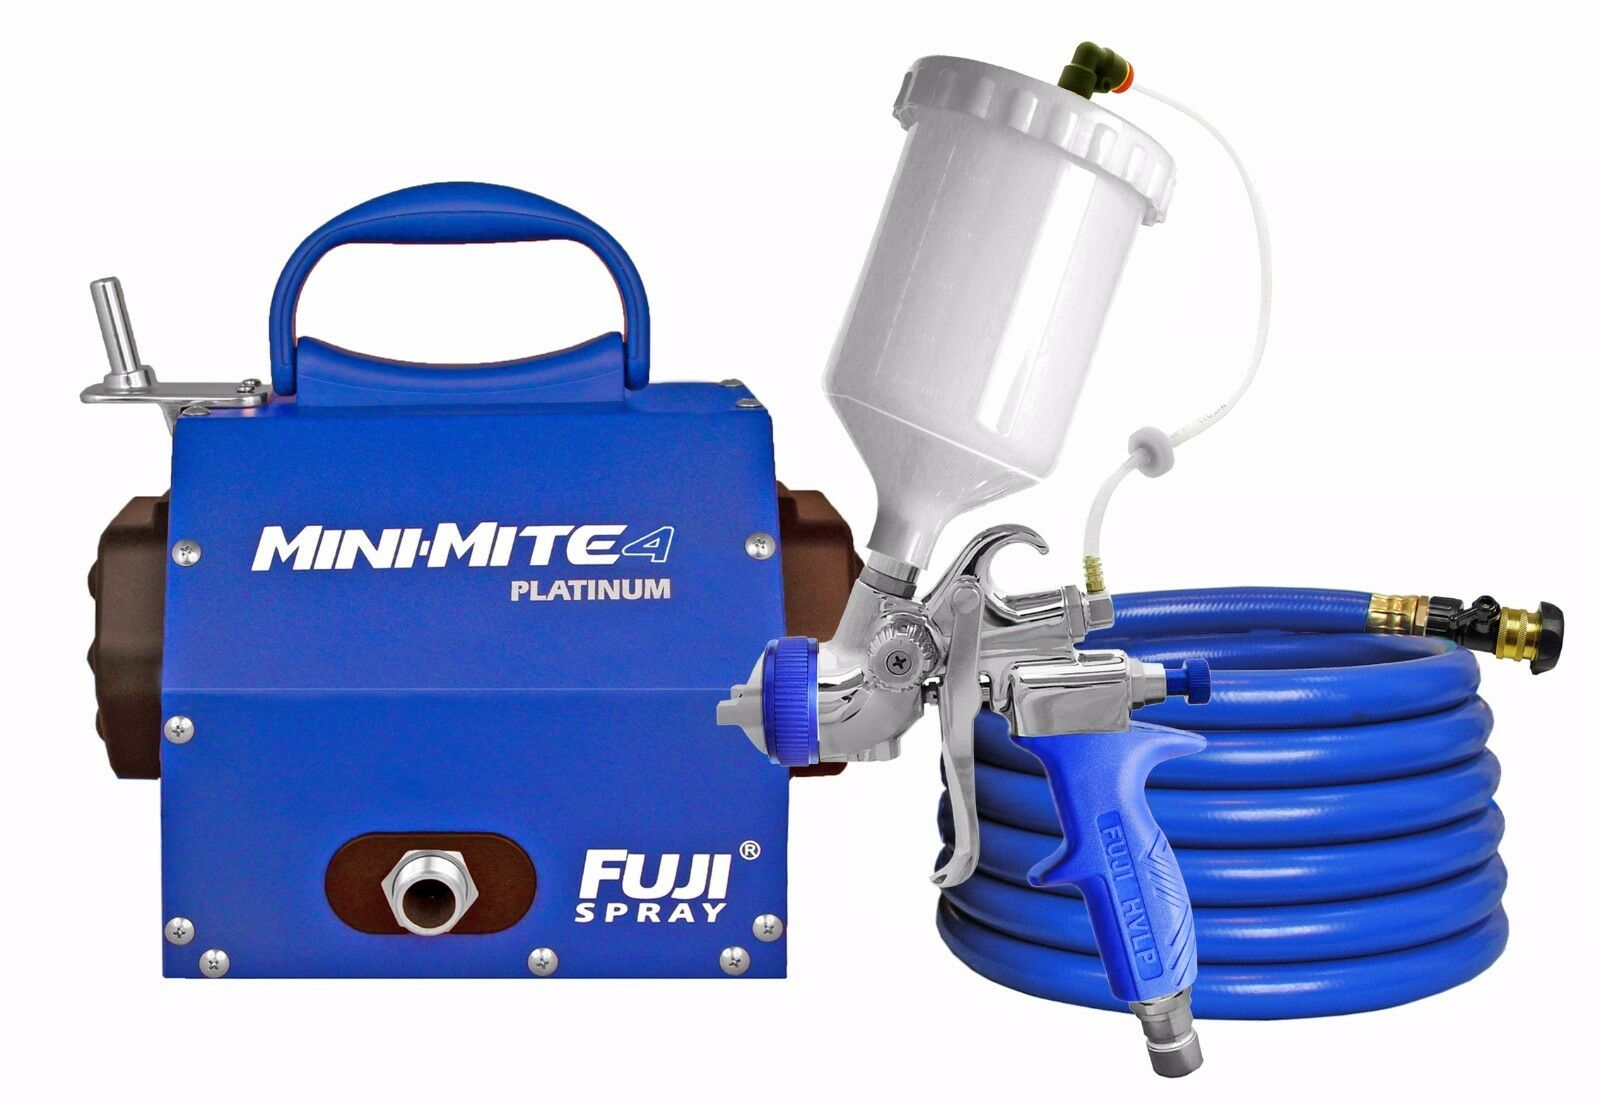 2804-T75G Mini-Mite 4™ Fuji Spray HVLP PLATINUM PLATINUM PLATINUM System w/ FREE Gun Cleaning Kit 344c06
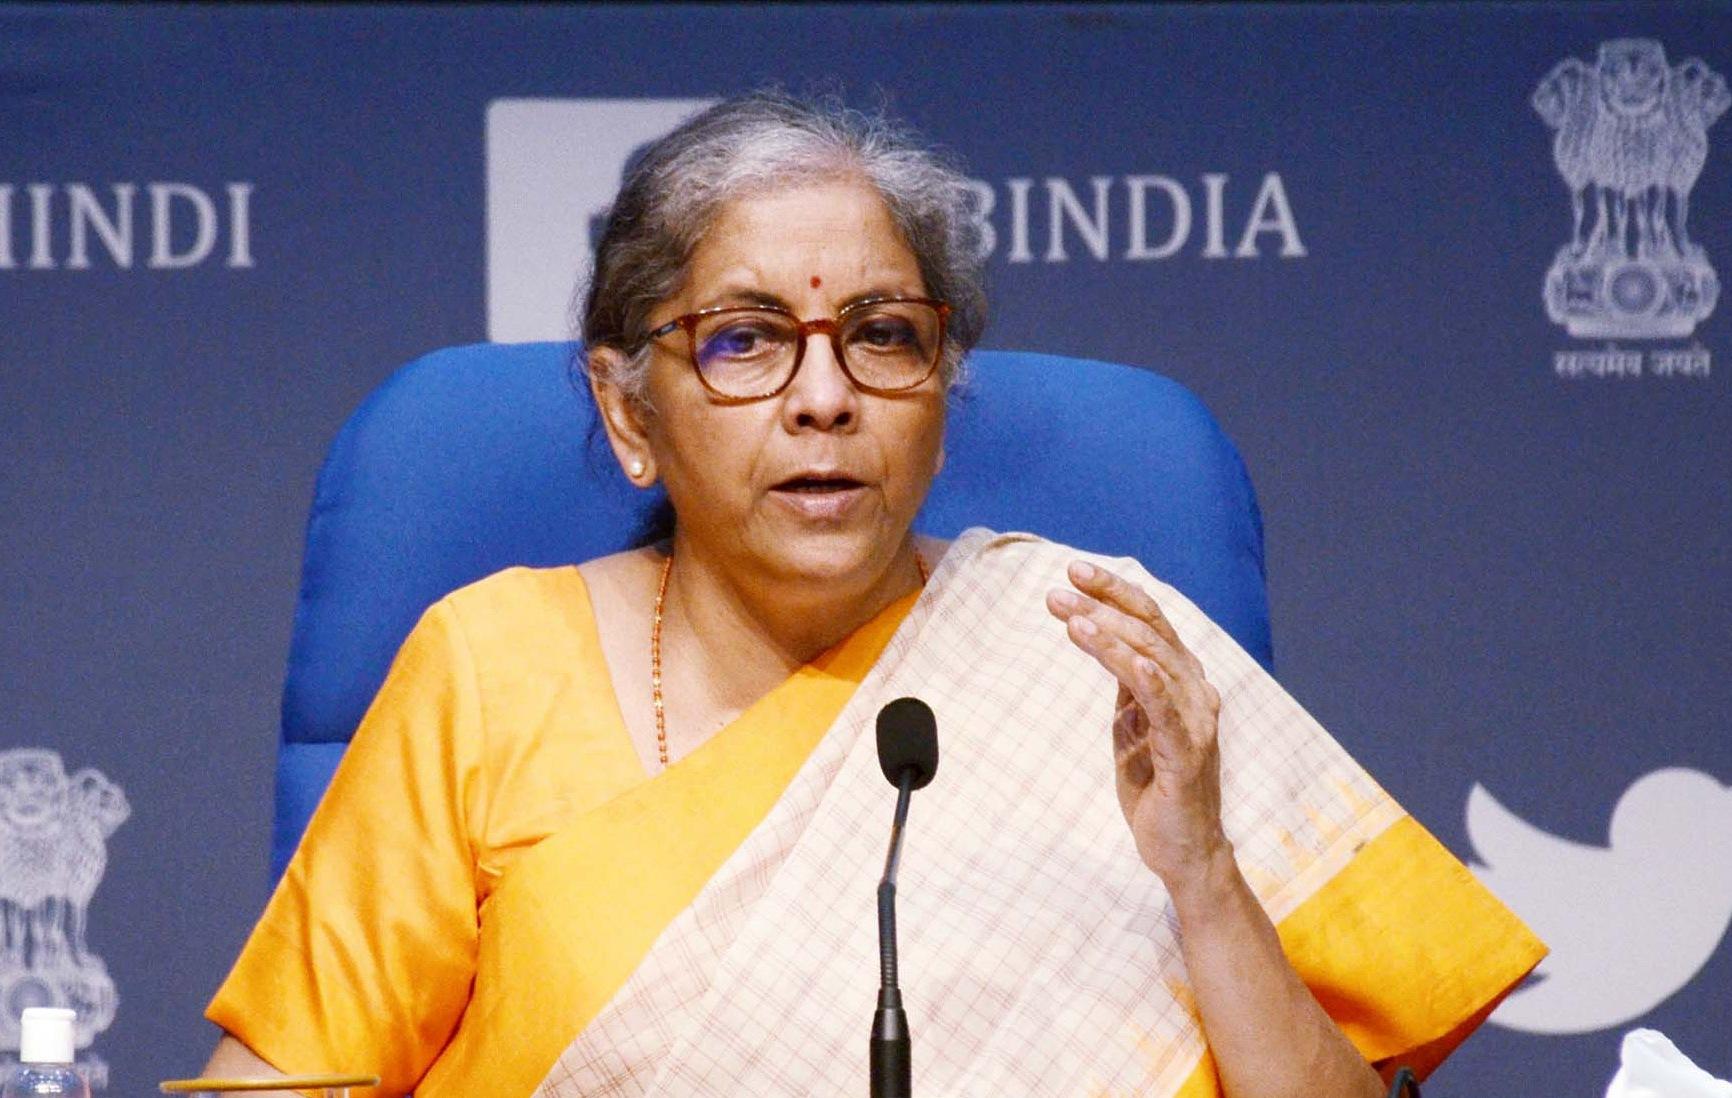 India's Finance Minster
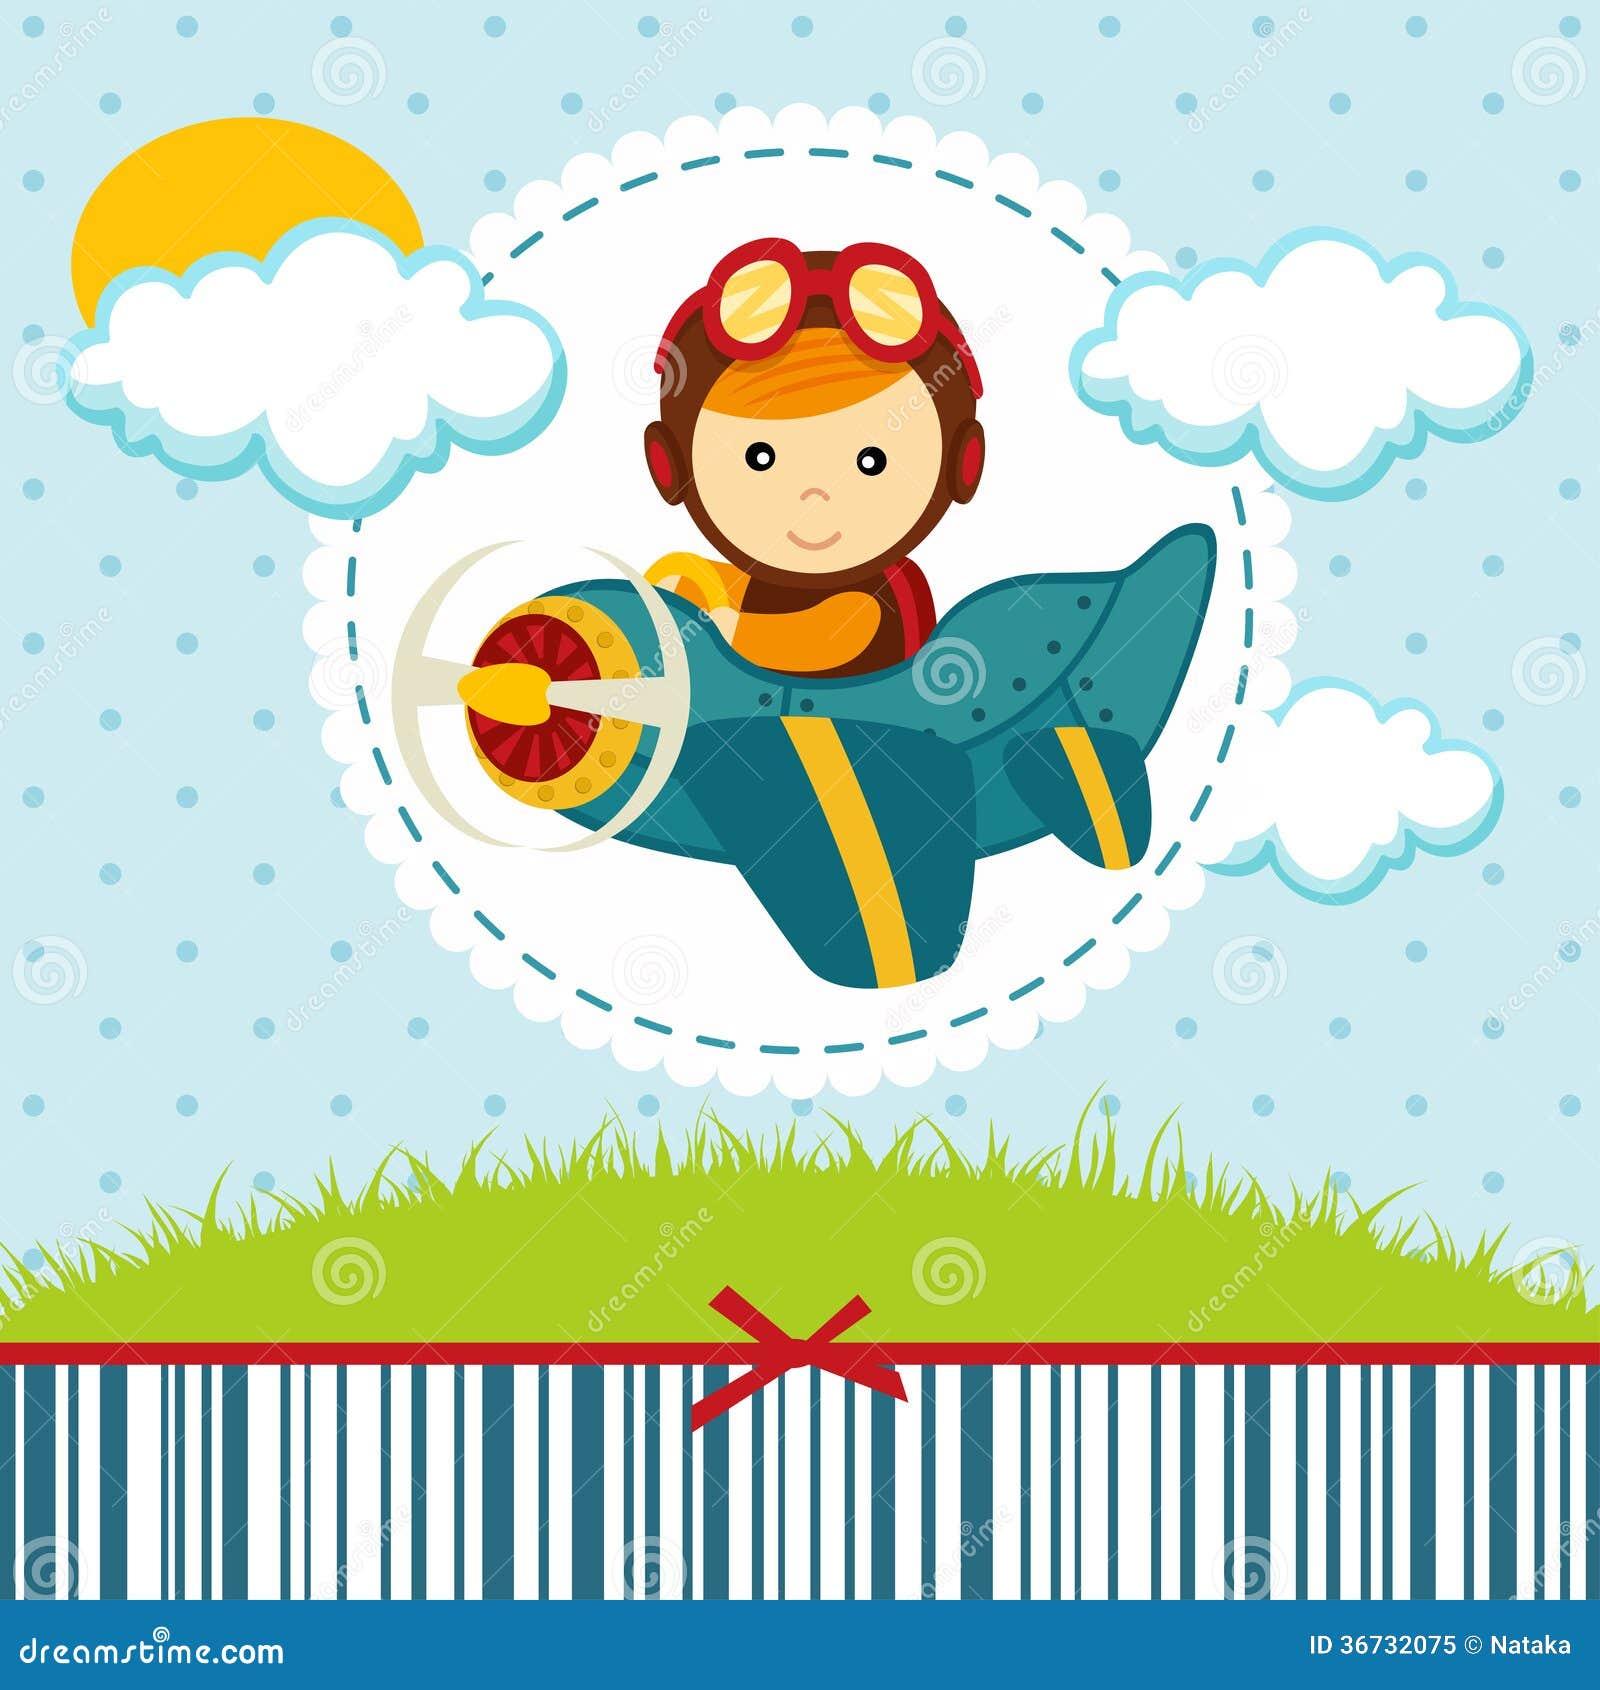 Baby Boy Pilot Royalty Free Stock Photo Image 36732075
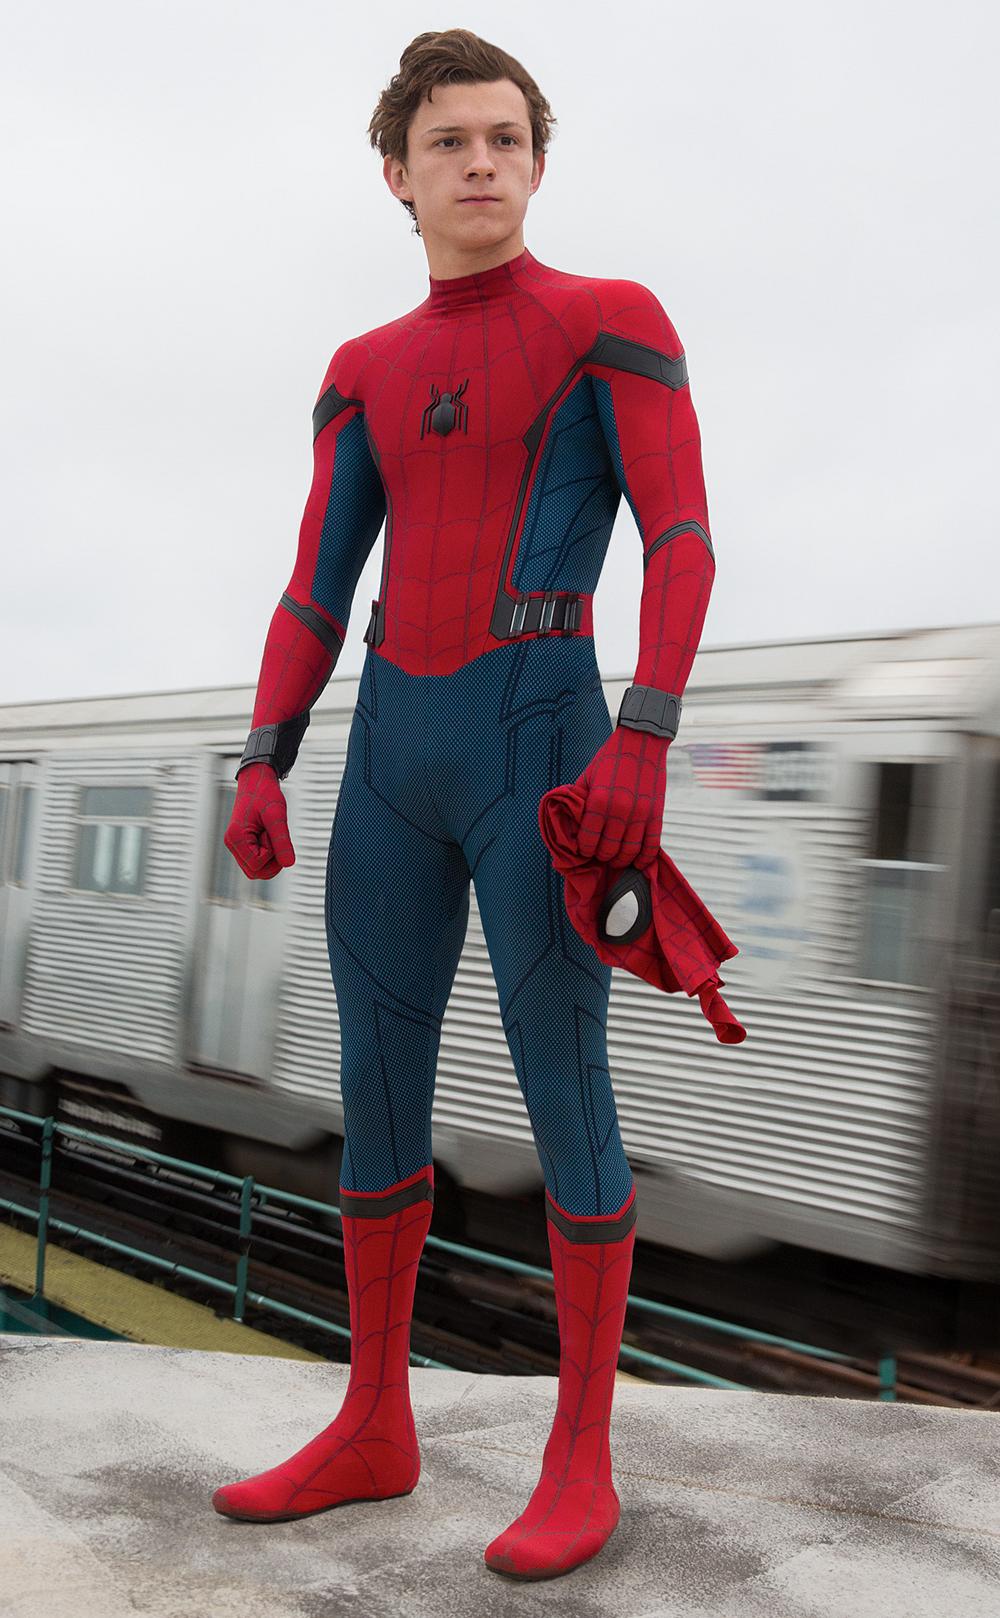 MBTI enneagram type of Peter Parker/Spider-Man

-- -- --

◆ EXERCISE REQUIREMENTS:
Omit the pictures and write out exactly the lines from the one containing "Baby Boy Pilot" through the last line of the material.

◆ RESULT:
 Baby Boy Pilot Royalty Free Stock Photo Image 36732075
 MBTI enneagram type of Peter Parker/Spider-Man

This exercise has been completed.